Cuando salió, fijé mi mirada primero en su rostro, luego en sus pechos y por último e inevitablemente en su sexo, en su polla que era el doble de oscura que el resto de su piel. Una polla medianamente larga, más ancha al comienzo que al final, una polla con prepucio que inmediatamente comencé a acariciar y a sentir la sensación de cómo crecía en mi mano. No cabía duda, mi deseo aquella tarde estaría centrado en esa polla que al abrazarnos se tocaba con la mía produciéndome una extraña sensación. Se puso a cuatro piernas sobre el borde de la cama, mostrándome los tatuajes que adornaban el final de su espalda y su nalga izquierda, pero más que en los tatuajes y en el nada despreciable culo mi atención se fijo en el balanceo intencionado de su badajo que atrapé con la mano y empecé a masajear y a llevarme tímidamente a la boca. Tenía unas enormes ganas de sentirla dentro de mí. Me tumbé boca arriba en la cama, transversalmente, y ella de pie comenzó a masturbarse a la altura de mi boca, rápidamente sustituí su mano por la mía e inmediatamente ésta por la boca, estuve un largo rato mamándosela mientras adquiría una dureza media, un estimable grosor y una longitud que hacía que la sintiera en la garganta, de vez en cuando la sacaba y yo escupía en aquel tronco para a continuación masturbarlo con fuerza. Y vuelta a chupar como un loco mientras le apretaba el culo para sentir su polla aún más dentro. Así hasta que me dijo que estaba a punto


de correrse. Pero aún faltaba la parte principal, me tenía que dar por culo. Así se lo dije: «ahora me tienes que follar».

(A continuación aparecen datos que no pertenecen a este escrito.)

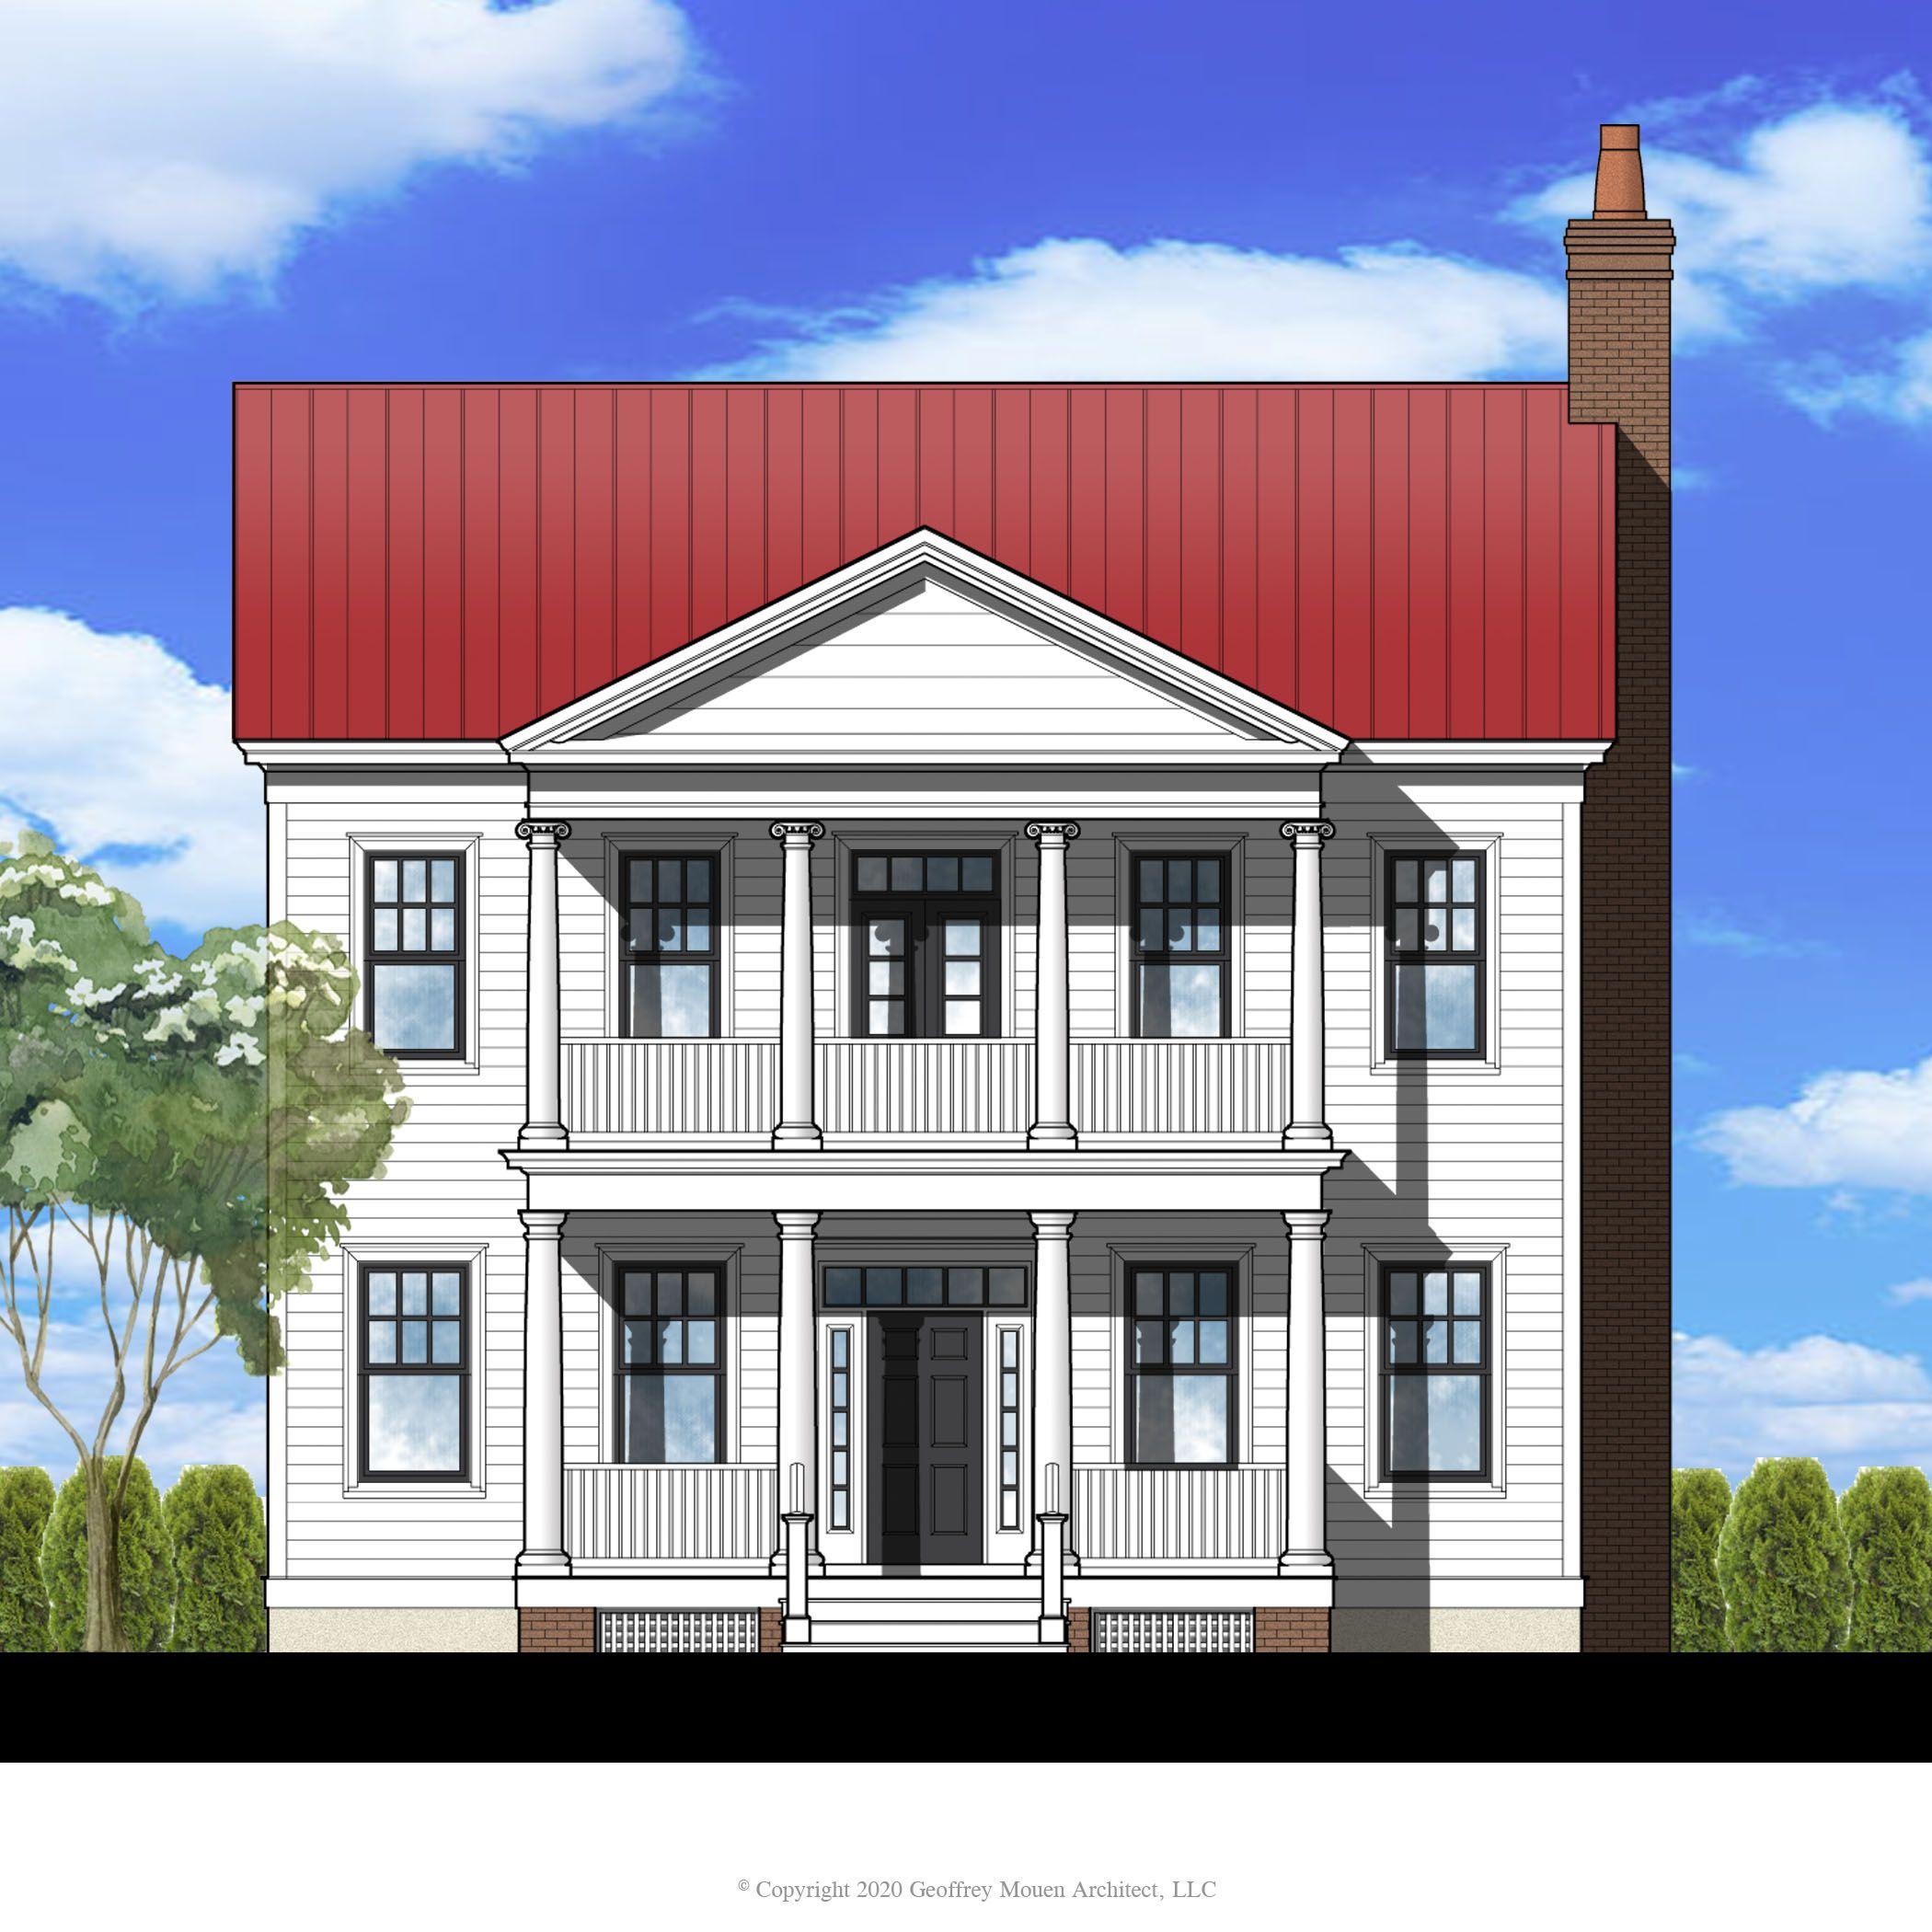 Gm001 House Plan Gm001 Design From Allison Ramsey Architects In 2020 Architect House Plans House

Le puse el condón con la boca, con la técnica de una prostituta, y aproveché para darle unas cuantas chupadas más mientras pensaba como iba a caber aquello dentro de mi culo. Me puse a cuatro piernas, me lubricó el culo y comencé a sentir como su polla iba entrando sin esfuerzo, salvo un leve dolor al comienzo. Llegué incluso a dudar de si me la estaba clavando toda o si sólo tenía la punta dentro, me meneé como una perra salida y le cogía la cintura por detrás para que me la metiera aún más, era mi culo quien se estaba follando aquella polla. Al final la sacó, ahí pude comprobar lo hondo que me había penetrado, después lamenté que no me hubiera embestido más, metiéndola y sacándola con todas sus fuerzas. Se quitó el condón y volvió a masturbarse delante de mi cara, observé como cerraba los ojos y como apretaba los dientes. Luego escuche una especie de gruñido, que parecía de dolor, y como un semen acuoso recubría su rosado glande. Lo extendí por mi mejilla. Acabé masturbándome y corriéndome en su rostro. Esto no es un cuento chino, es el relato fidedigno de mi primera vez: un sábado de enero del año 2011. Las fotos son reales.